* Exercise aim:
What must be handed in is the entire listing, exactly as written, with no pictures.

──────── Dataset excerpt

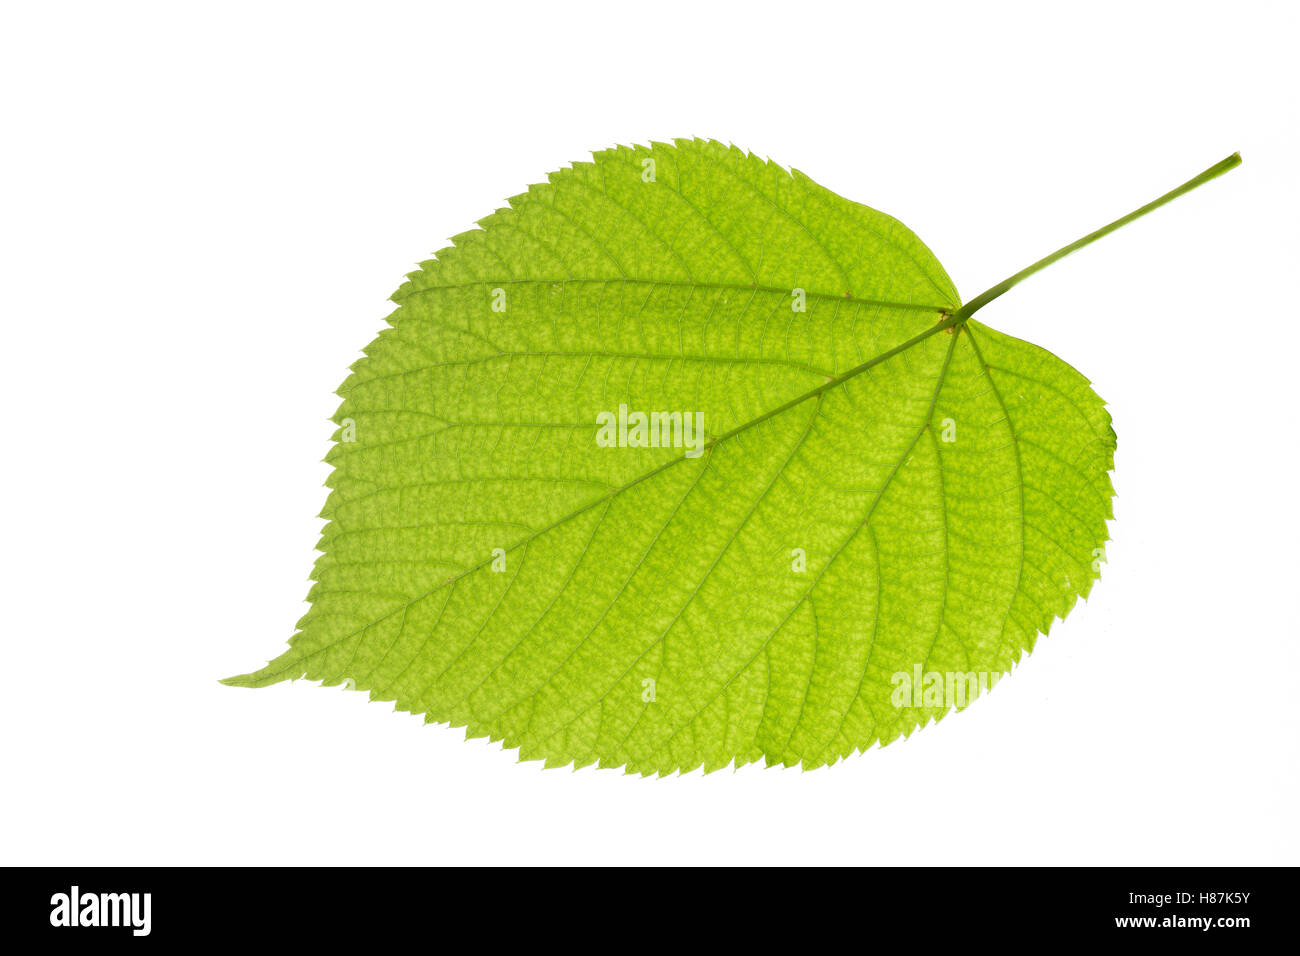 Amerikanische Linde, Tilia americana, American basswood, American linden, Le Tilleul d'Amérique. Blatt, Blätter, leaf, leaves, B Stock Photo
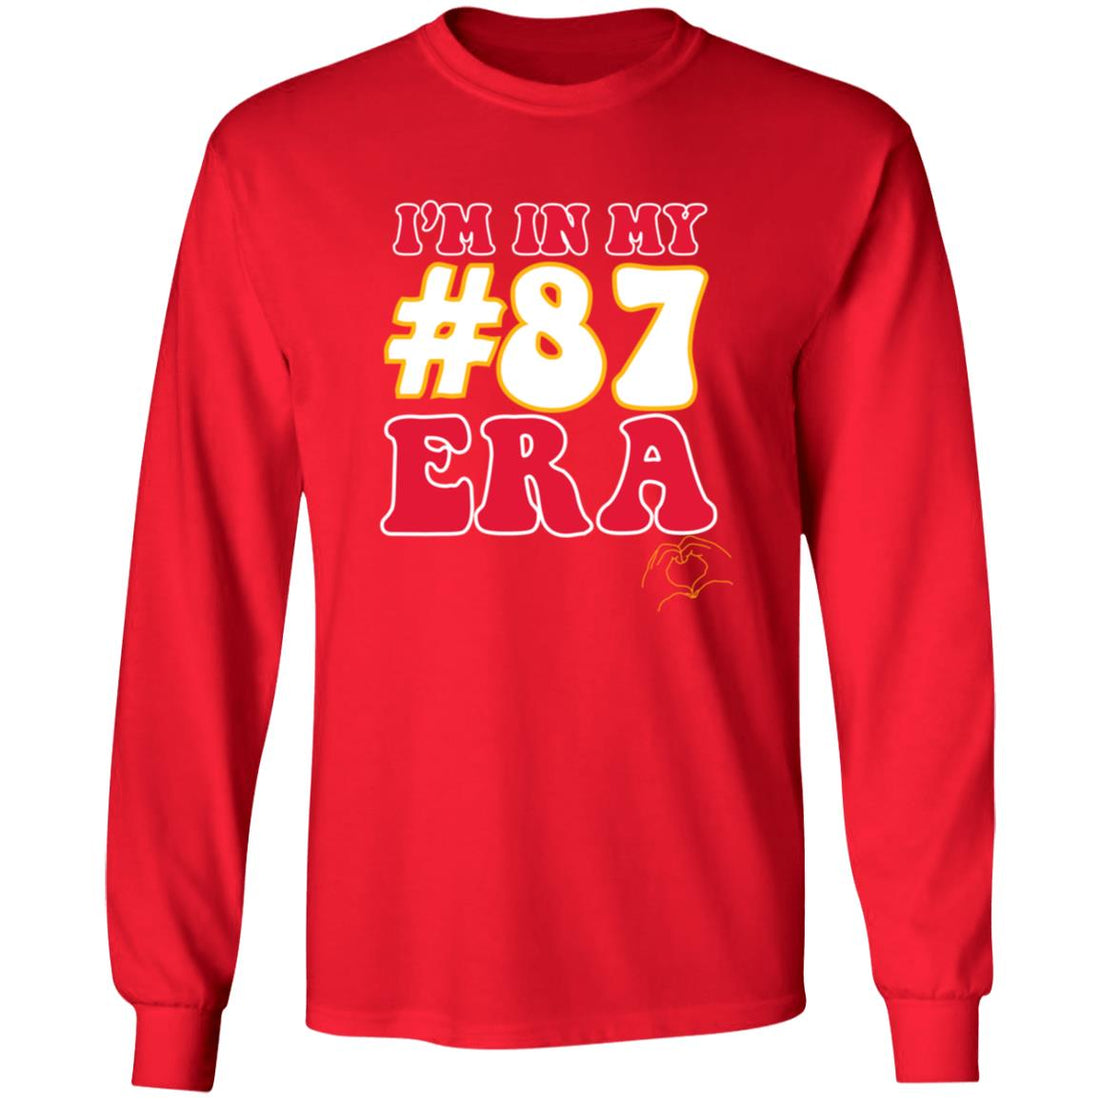 #87 ERA LS Ultra Cotton T-Shirt - T-Shirts - Positively Sassy - #87 ERA LS Ultra Cotton T-Shirt
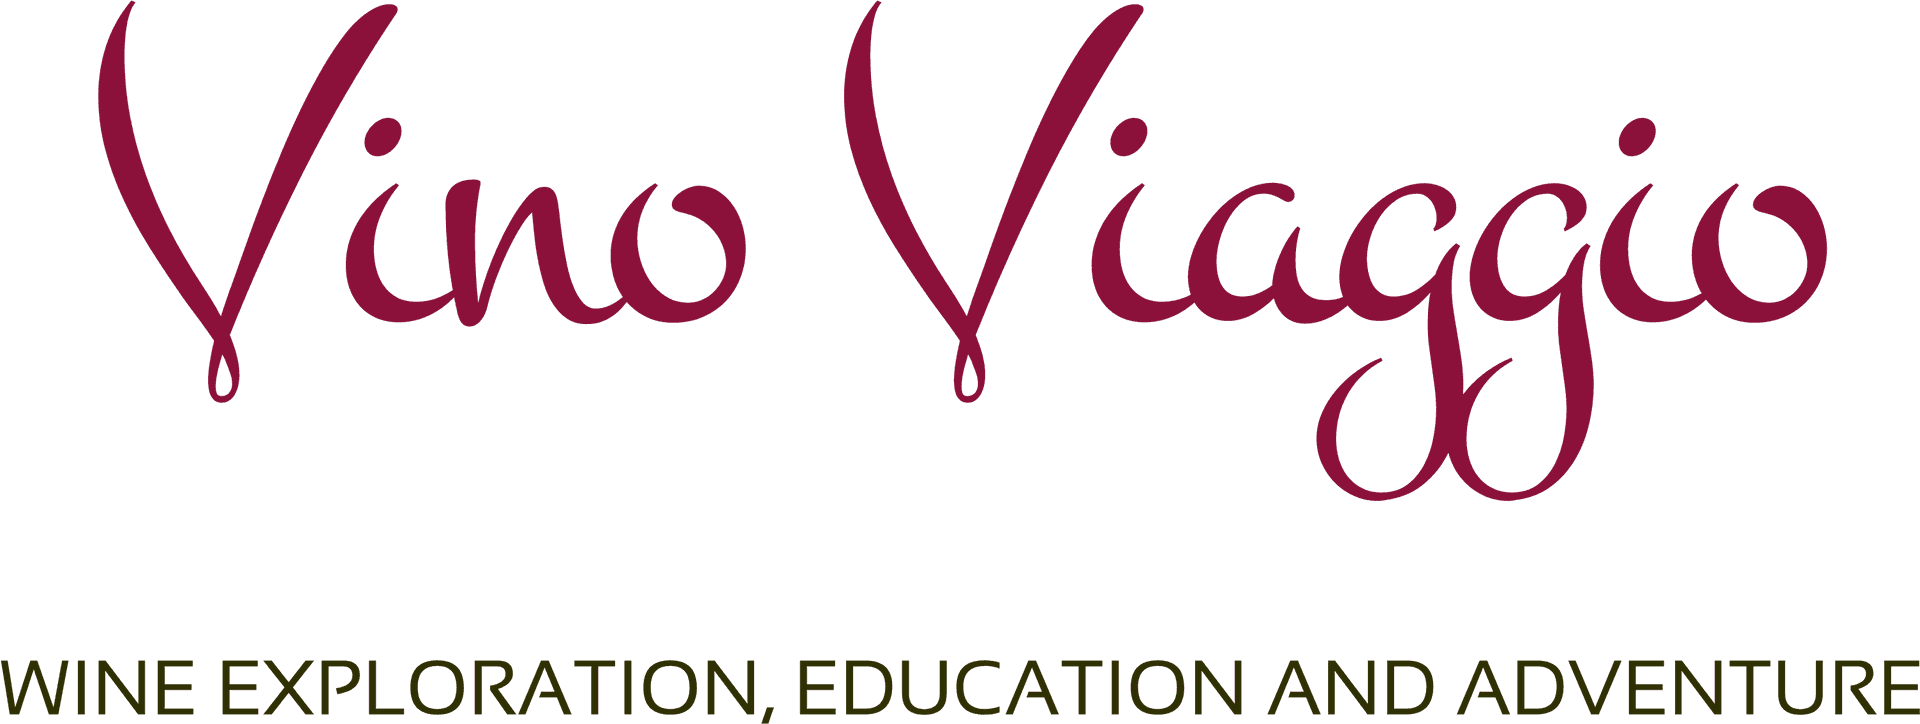 Vino Viaggio Wine Exploration Logo PNG

────────────────

* Expected output:
 Amerikanische Linde, Tilia americana, American basswood, American linden, Le Tilleul d'Amérique. Blatt, Blätter, leaf, leaves, B Stock Photo
 #87 ERA LS Ultra Cotton T-Shirt - T-Shirts - Positively Sassy - #87 ERA LS Ultra Cotton T-Shirt
 Vino Viaggio Wine Exploration Logo PNG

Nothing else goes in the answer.